» **TASK INSTRUCTIONS**:
Could you please find each line in the records that contains the word "visualintensity" and copy it?

» **EXCERPTED RECORDS**:

—————

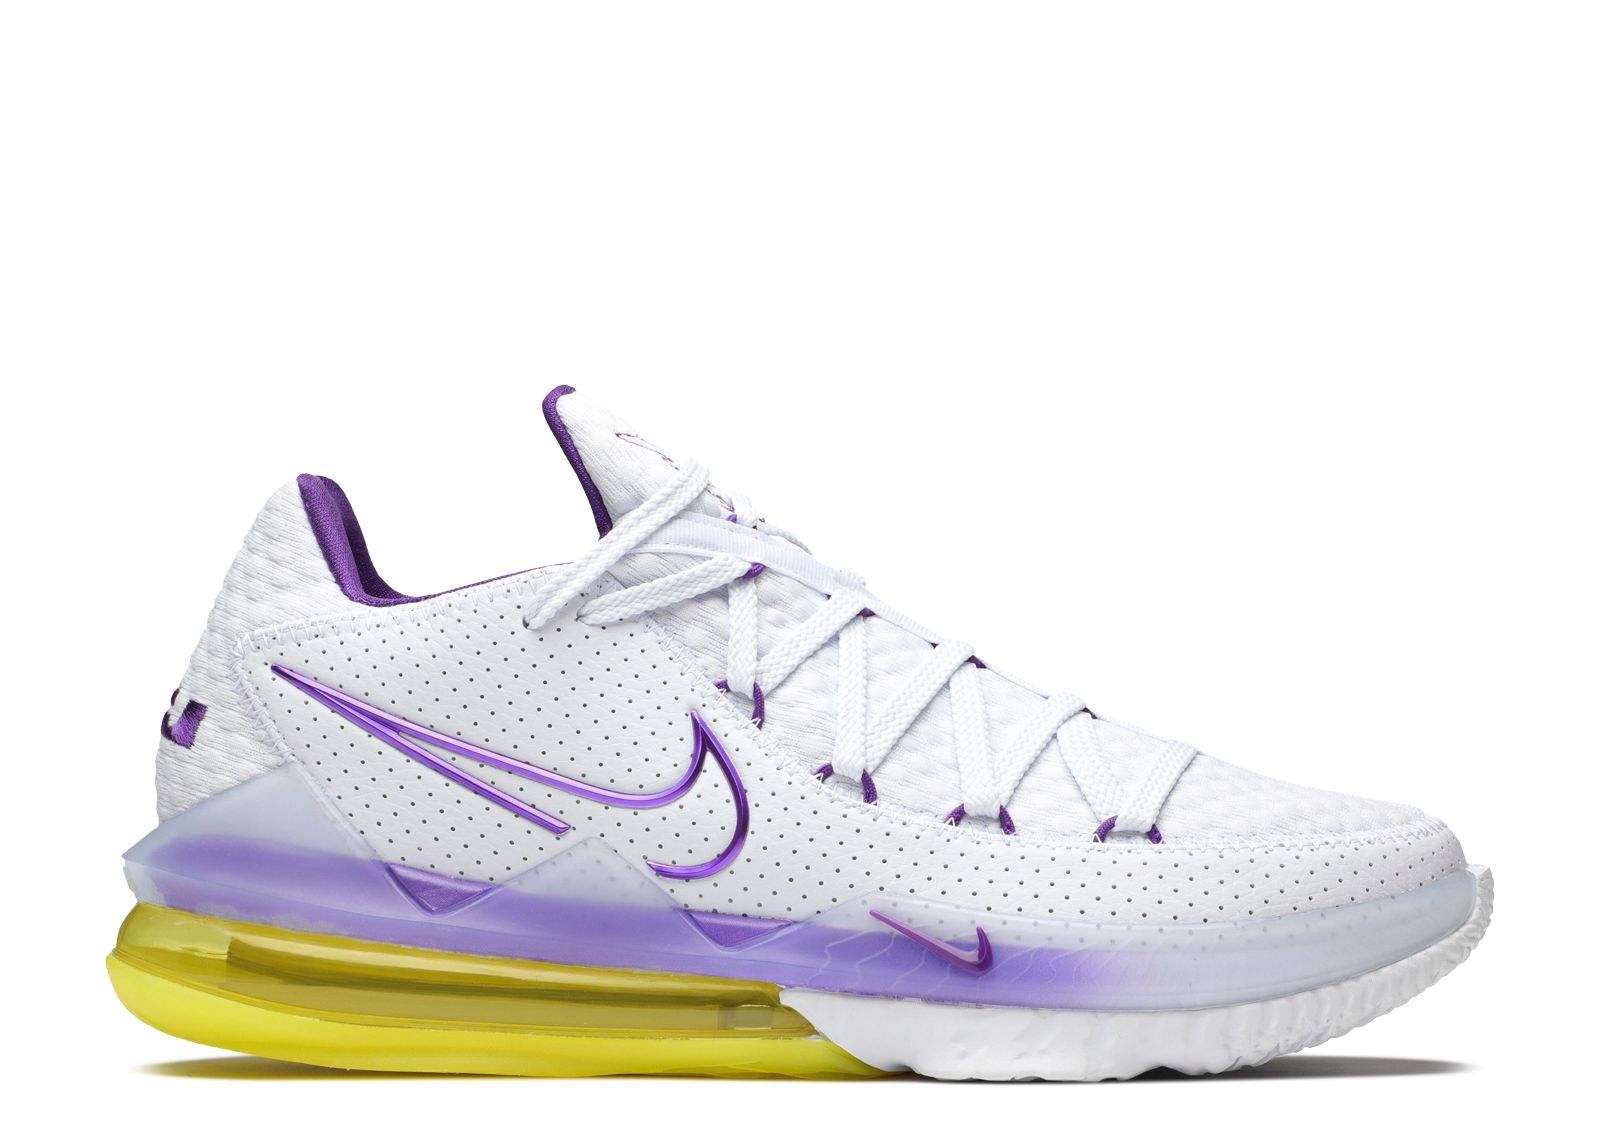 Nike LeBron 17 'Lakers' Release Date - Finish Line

—————

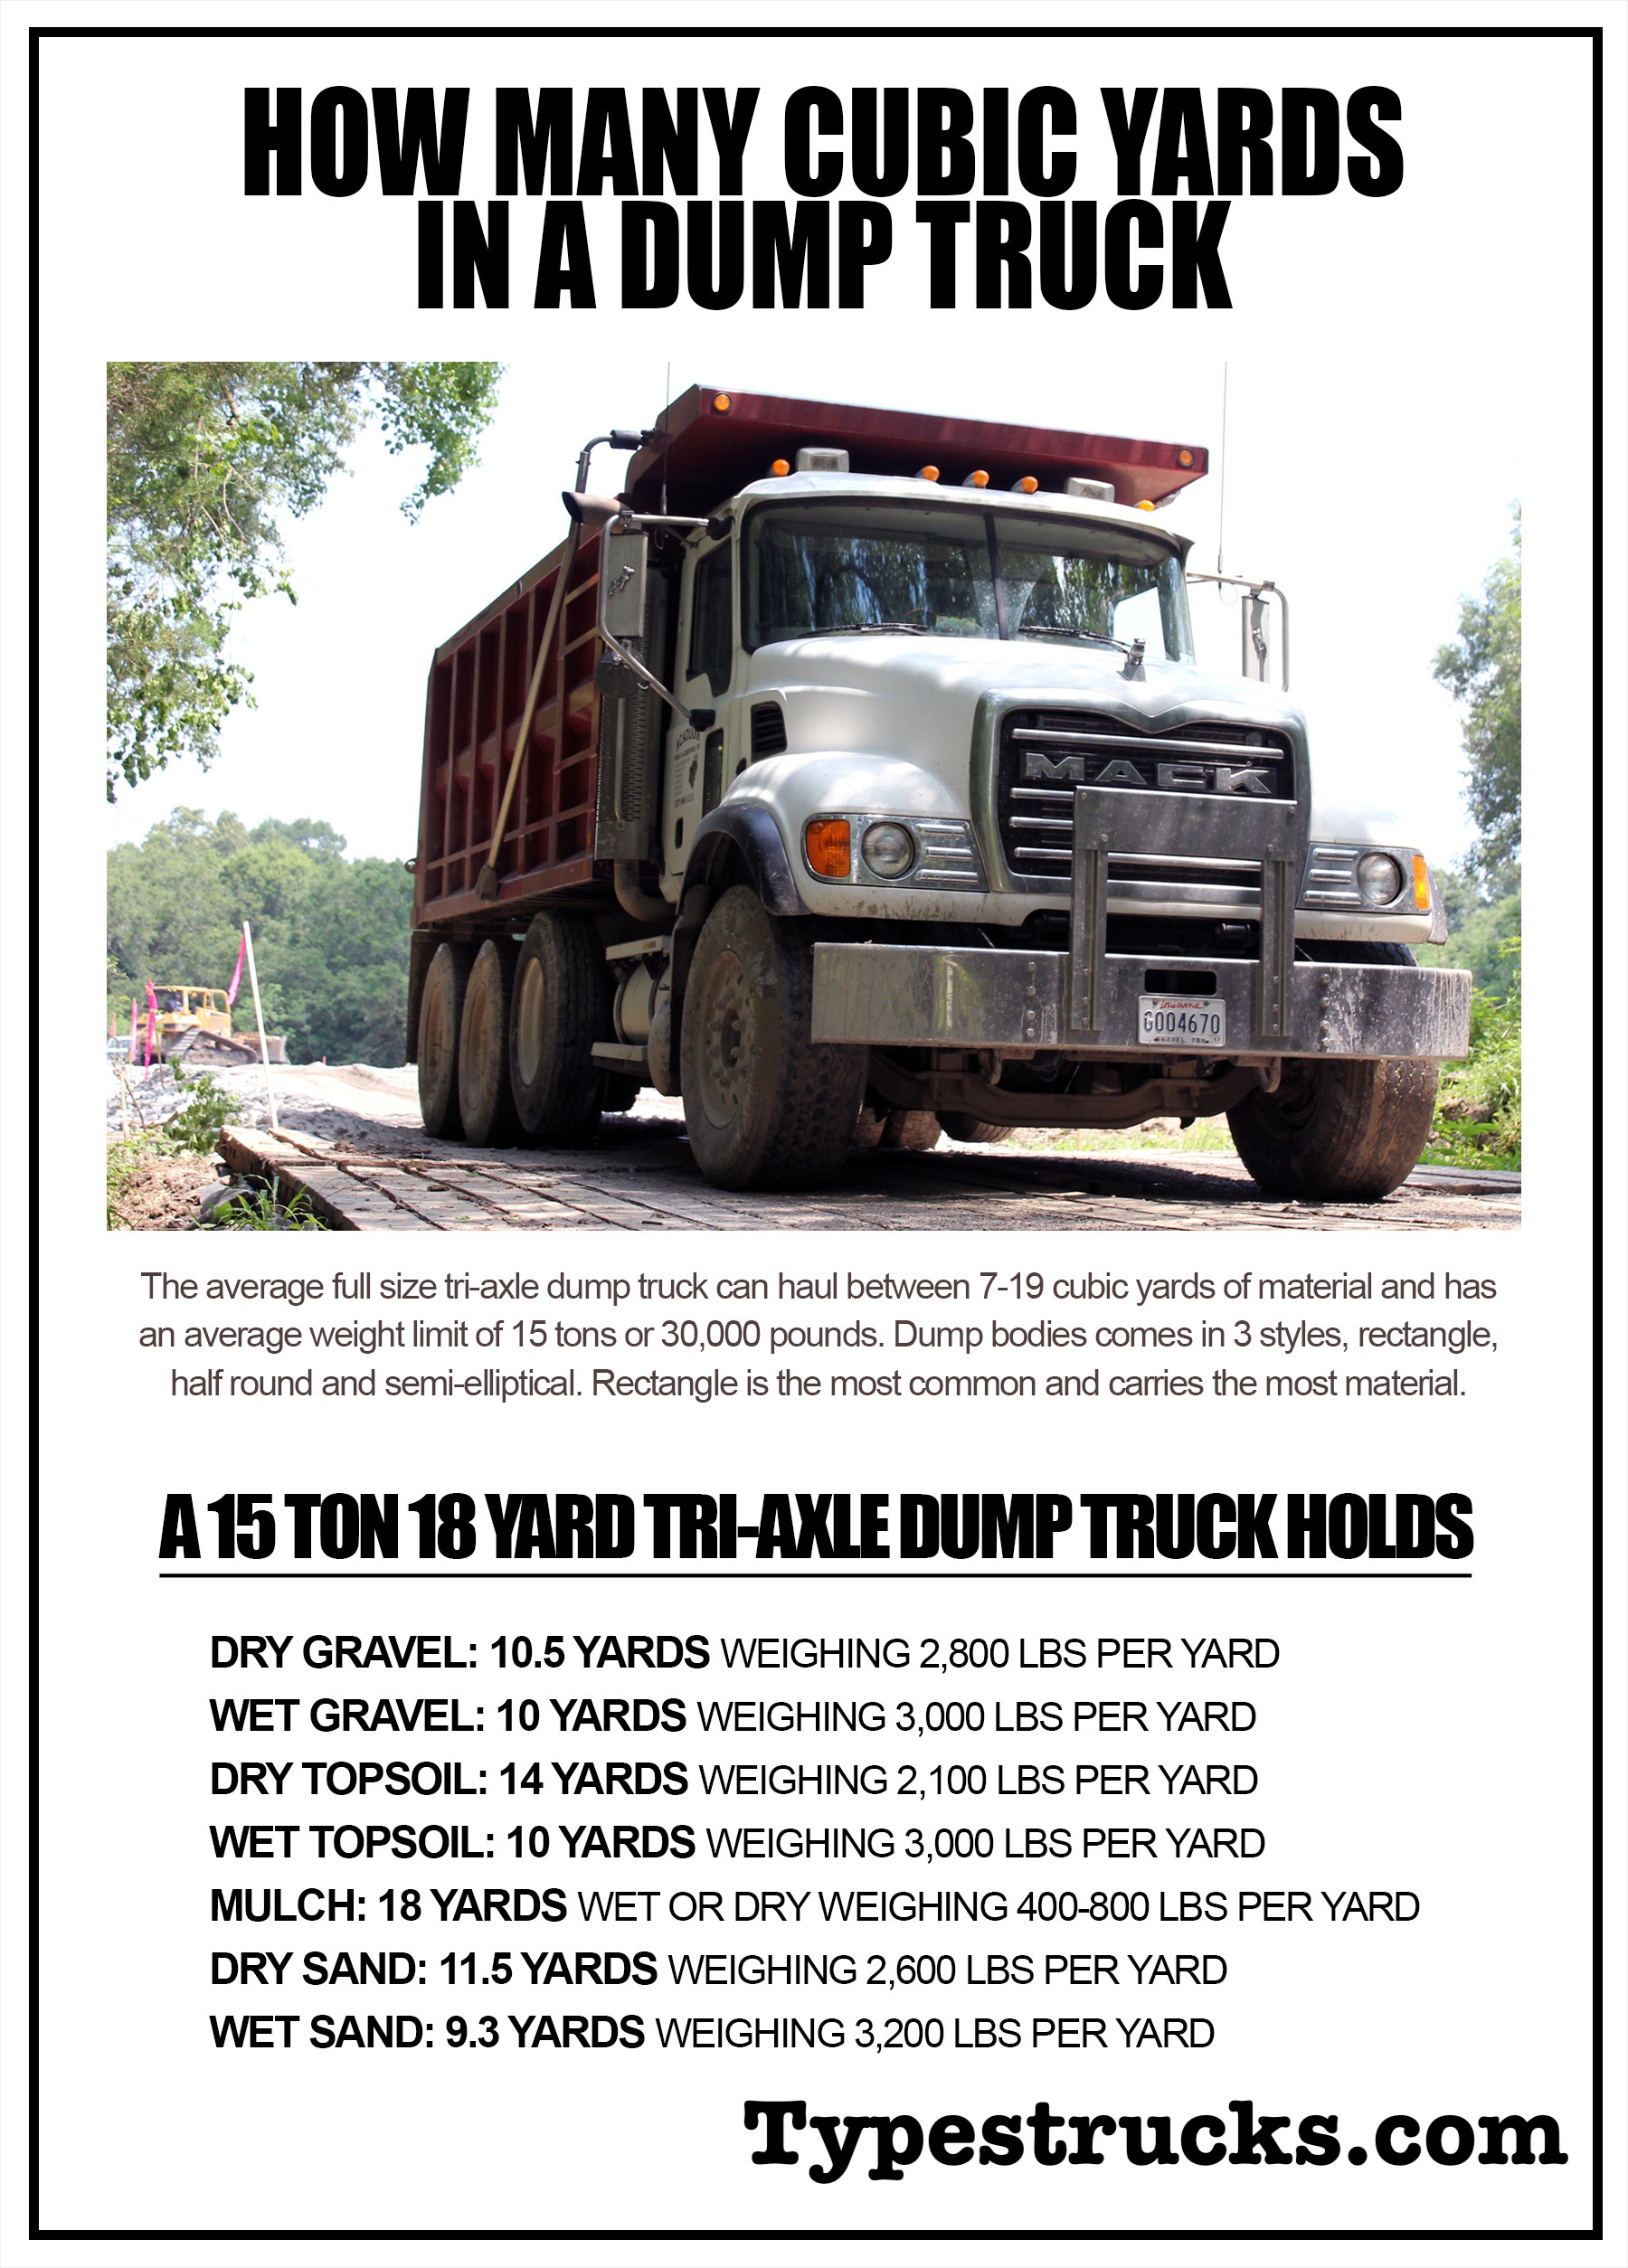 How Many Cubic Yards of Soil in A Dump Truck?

—————

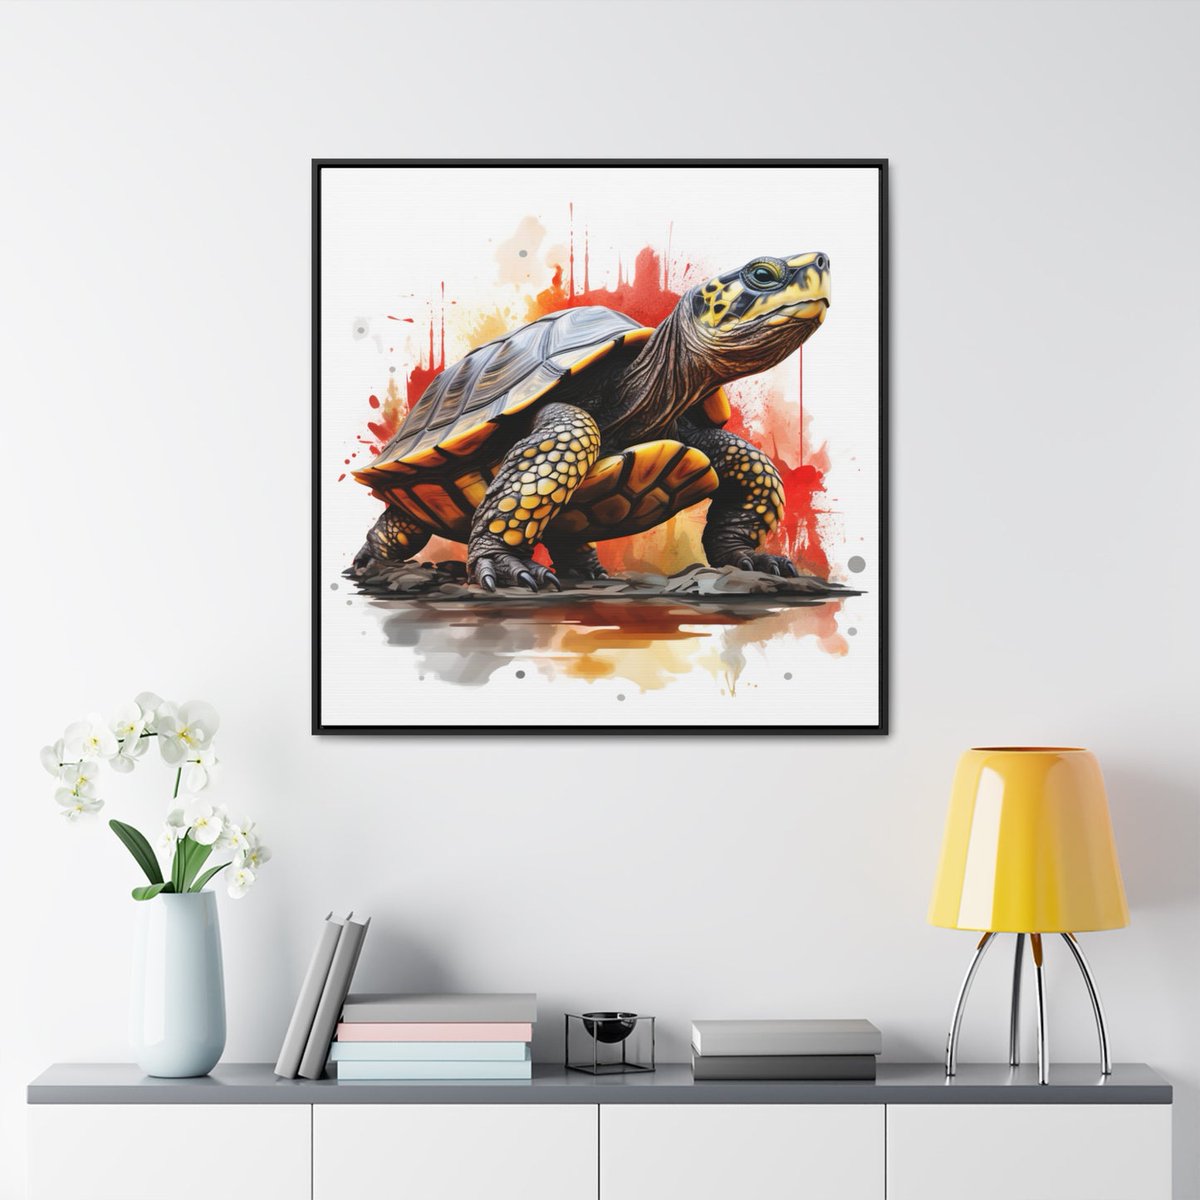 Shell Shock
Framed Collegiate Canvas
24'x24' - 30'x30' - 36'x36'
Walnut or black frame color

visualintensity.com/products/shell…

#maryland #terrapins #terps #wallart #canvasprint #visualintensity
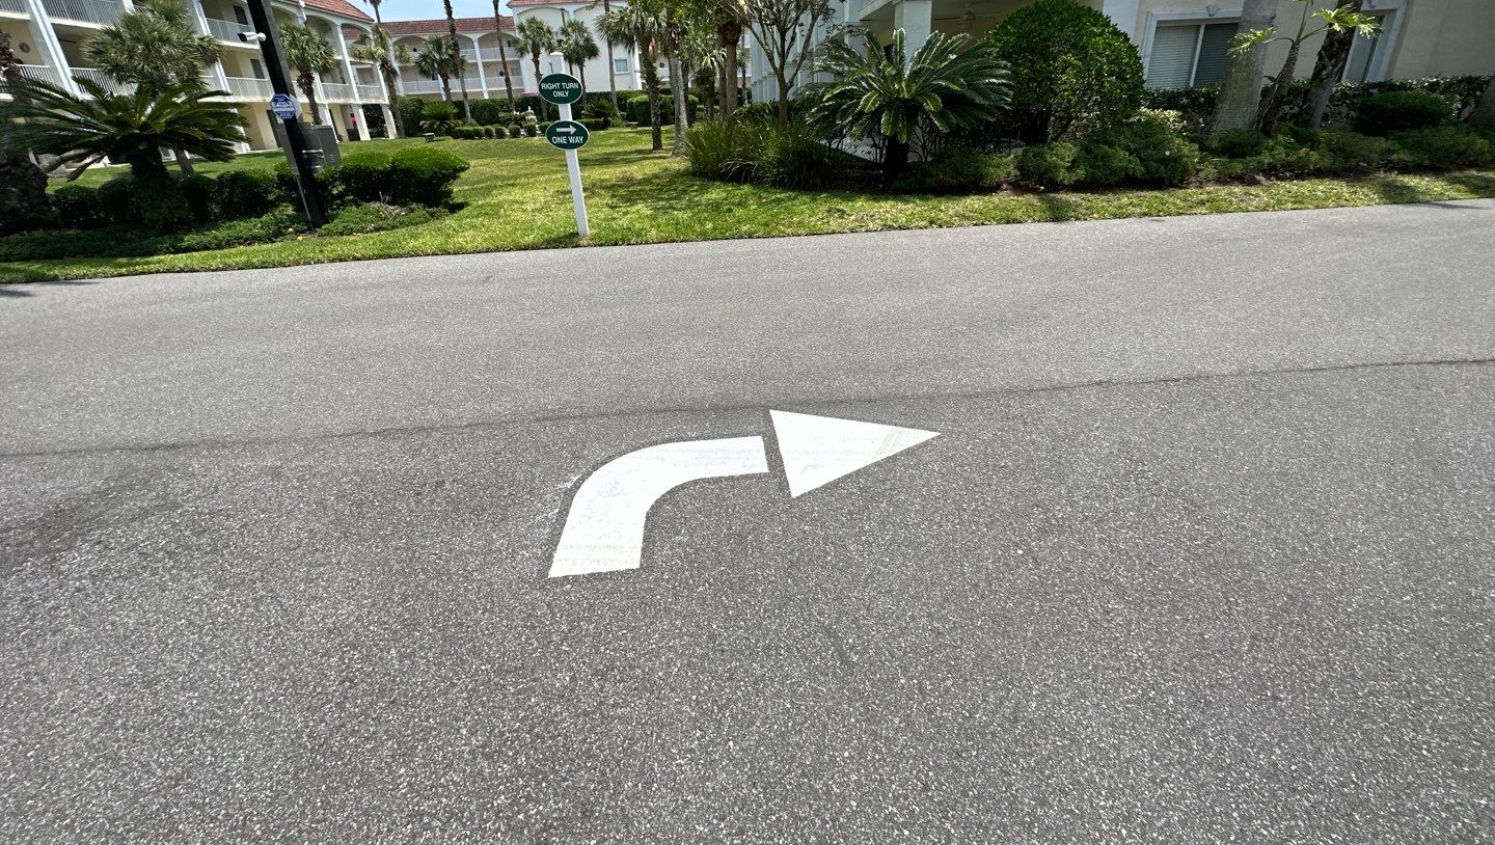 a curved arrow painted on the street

—————

» **EXERCISE SOLUTION**:
visualintensity.com/products/shell…
#maryland #terrapins #terps #wallart #canvasprint #visualintensity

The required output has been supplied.